Split the source CSV file into smaller CSV files in Cloud Storage to reduce the number of BigQuery UPDATE DML statements per BigQuery job.

Import the new records from the CSV file into a new BigQuery table. Create a BigQuery job that merges the new records with the existing records and writes the results to a new BigQuery table.

Q43. Which of the following statements about the Wide & Deep Learning model are true? (Select 2 answers.)

The wide model is used for memorization, while the deep model is used for generalization.

A good use for the wide and deep model is a recommender system.

The wide model is used for generalization, while the deep model is used for memorization.

A good use for the wide and deep model is a small-scale linear regression problem.

Q44. After migrating ETL jobs to run on BigQuery, you need to verify that the output of the migrated jobs is the same as the output of the original. You’ve loaded a table containing the output of the original job and want to compare the contents with output from the migrated job to show that they are identical. The tables do not contain a primary key column that would enable you to join them together for comparison.
What should you do?

Select random samples from the tables using the RAND() function and compare the samples.

Select random samples from the tables using the HASH() function and compare the samples.

Use a Dataproc cluster and the BigQuery Hadoop connector to read the data from each table and calculate a hash from non-timestamp columns of the table after sorting. Compare the hashes of each table.

Create stratified random samples using the OVER() function and compare equivalent samples from each table.

Q45. Which is not a valid reason for poor Cloud Bigtable performance?

The workload isn’t appropriate for Cloud Bigtable.

The table’s schema is not designed correctly.

The Cloud Bigtable cluster has too many nodes.

There are issues with the network connection.

Q46. You want to archive data in Cloud Storage. Because some data is very sensitive, you want to use the “Trust No One” (TNO) approach to encrypt your data to prevent the cloud provider staff from decrypting your data. What should you do?

Use gcloud kms keys createto create a symmetric key. Then use gcloud kms encryptto encrypt each archival file with the key and unique additional authenticated data (AAD). Use gsutil cp to upload each encrypted file to the Cloud Storage bucket, and keep the AAD outside of Google Cloud.

Use gcloud kms keys create to create a symmetric key.

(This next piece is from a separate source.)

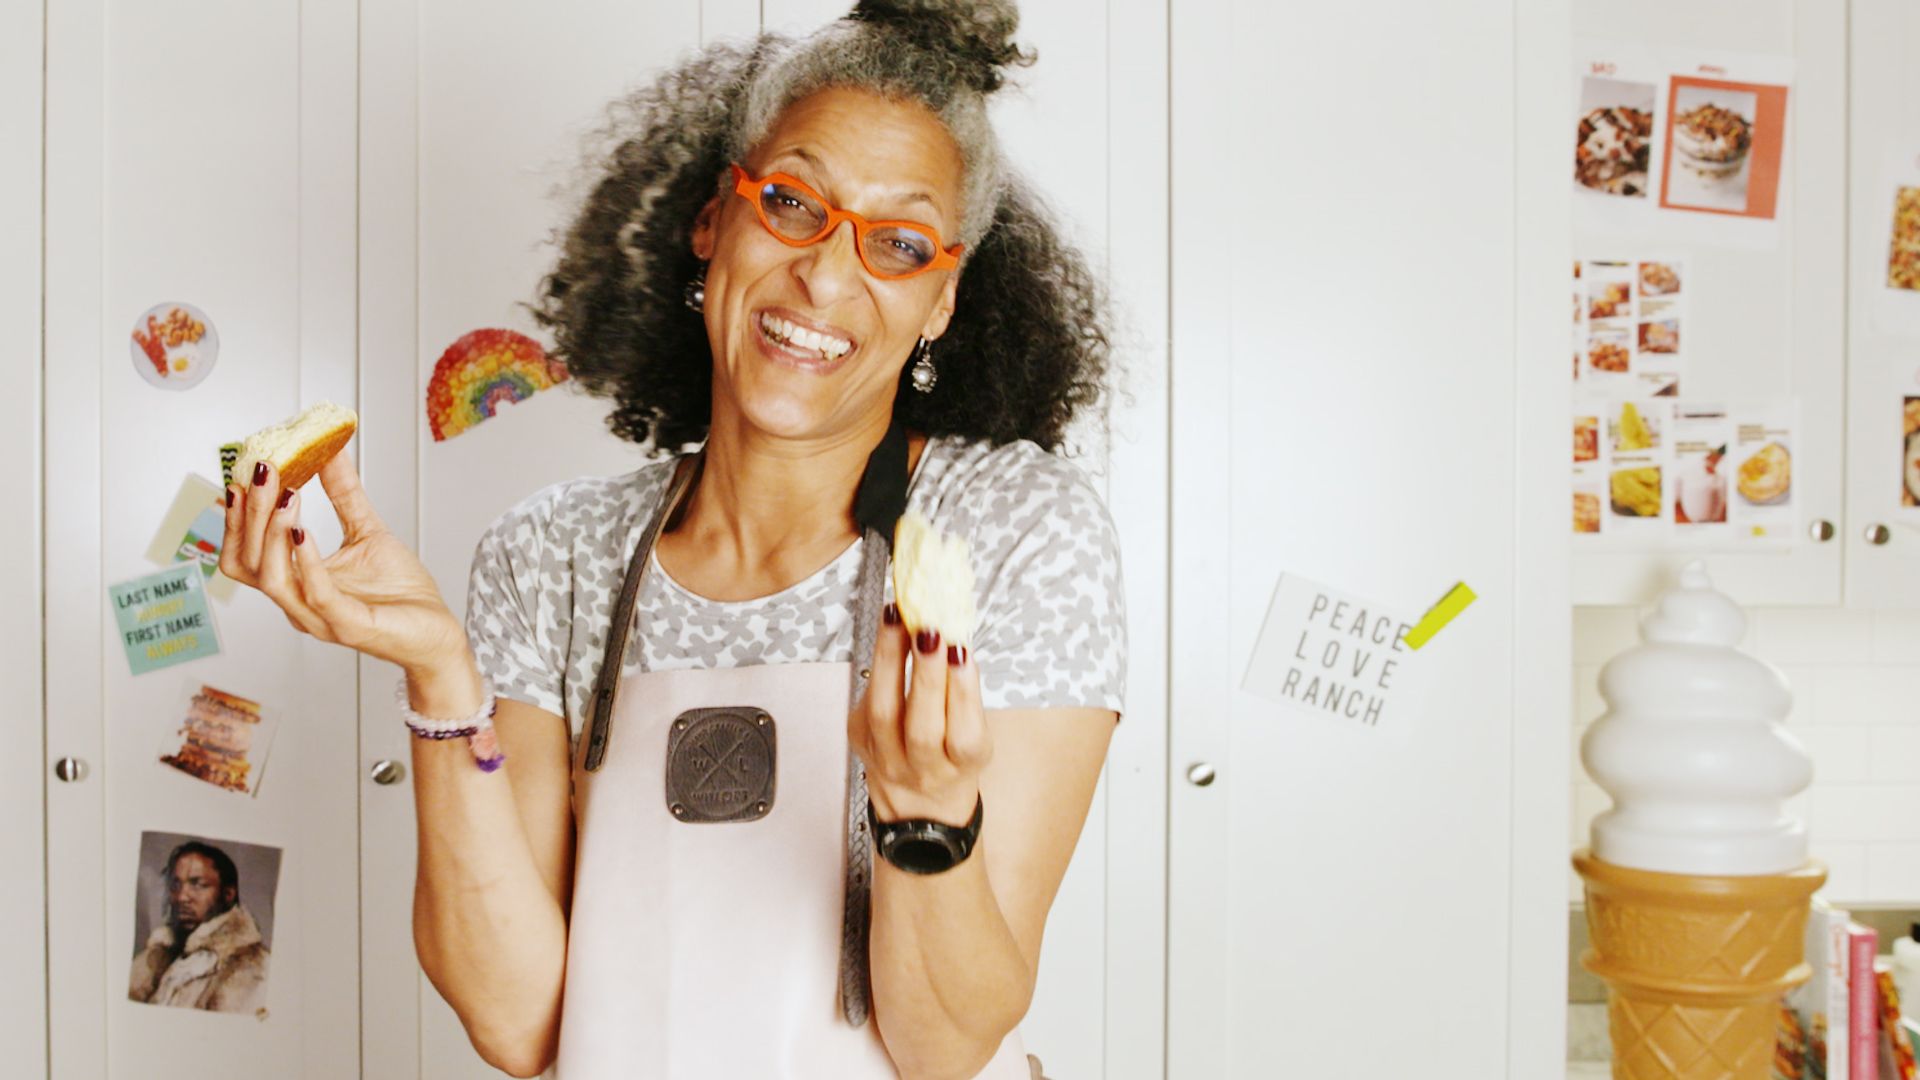 Carla Hall S Biscuit Recipe How To Make Flaky Buttermilk Biscuits Images, Photos, Reviews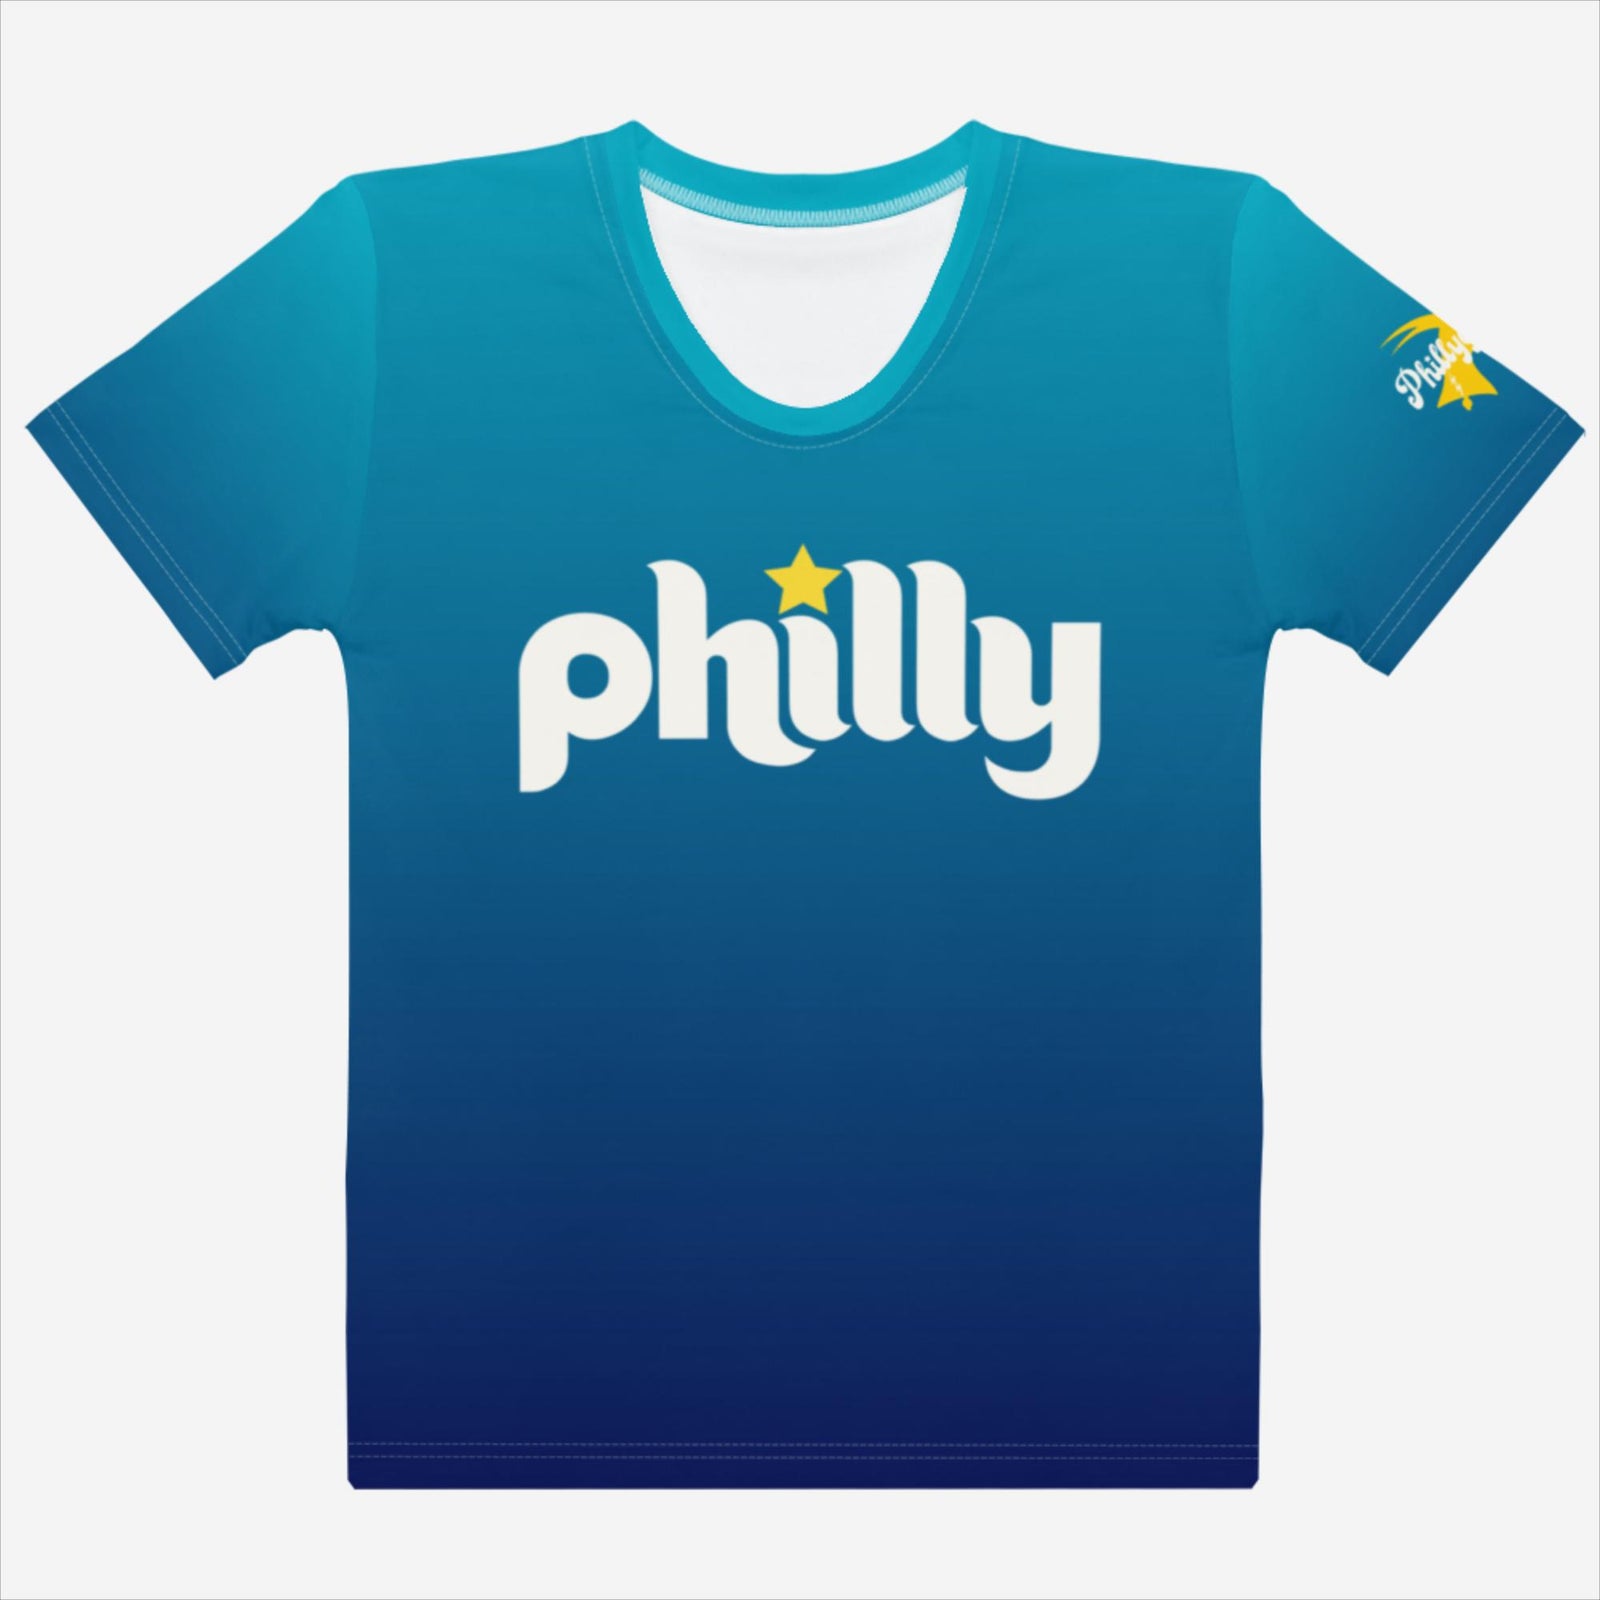 "Philly Connect" Women's Premium Jersey Tee

Then use gcloud kms encryptto encrypt each archival file with the key. Use gsutil cpto upload each encrypted file to the Cloud Storage bucket.
Manually destroy the key previously used for encryption, and rotate the key once.

Specify customer-supplied encryption key (CSEK) in the .botoconfiguration file. Use gsutil cpto upload each archival file to the Cloud Storage bucket. Save the CSEK in Cloud Memorystore as permanent storage of the secret.

Specify customer-supplied encryption key (CSEK) in the .botoconfiguration file. Use gsutil cpto upload each archival file to the Cloud Storage bucket. Save the CSEK in a different project that only the security team can access.

Q47. You work for a shipping company that uses handheld scanners to read shipping labels. Your company has strict data privacy standards that require scanners to only transmit recipients’ personally identifiable information (PII) to analytics systems, which violates user privacy rules. You want to quickly build a scalable solution using cloud-native managed services to prevent exposure of PII to the analytics systems.
What should you do?

Create an authorized view in BigQuery to restrict access to tables with sensitive data.

Install a third-party data validation tool on Compute Engine virtual machines to check the incoming data for sensitive information.

Use Stackdriver logging to analyze the data passed through the total pipeline to identify transactions that may contain sensitive information.

Build a Cloud Function that reads the topics and makes a call to the Cloud Data Loss Prevention API.
Use the tagging and confidence levels to either pass or quarantine the data in a bucket for review.

Q48. Your weather app queries a database every 15 minutes to get the current temperature. The frontend is powered by Google App Engine and server millions of users. How should you design the frontend to respond to a database failure?

Issue a command to restart the database servers.

Retry the query with exponential backoff, up to a cap of 15 minutes.

Retry the query every second until it comes back online to minimize staleness of data.

Reduce the query frequency to once every hour until the database comes back online.

Q49. Your company’s customer and order databases are often under heavy load. This makes performing analytics against them difficult without harming operations. The databases are in a MySQL cluster, with nightly backups taken using mysqldump. You want to perform analytics with minimal impact on operations.
What should you do?

Add a node to the MySQL cluster and build an OLAP cube there.

Use an ETL tool to load the data from MySQL into Google BigQuery.

Connect an on-premises Apache Hadoop cluster to MySQL and perform ETL.

Mount the backups to Google Cloud SQL, and then process the data using Google Cloud Dataproc.

Q50. You store historic data in Cloud Storage. You need to perform analytics on the historic data. You want to use a solution to detect invalid data entries and perform data transformations that will not require programming or knowledge of SQL.
What should you do?

Use Cloud Dataflow with Beam to detect errors and perform transformations.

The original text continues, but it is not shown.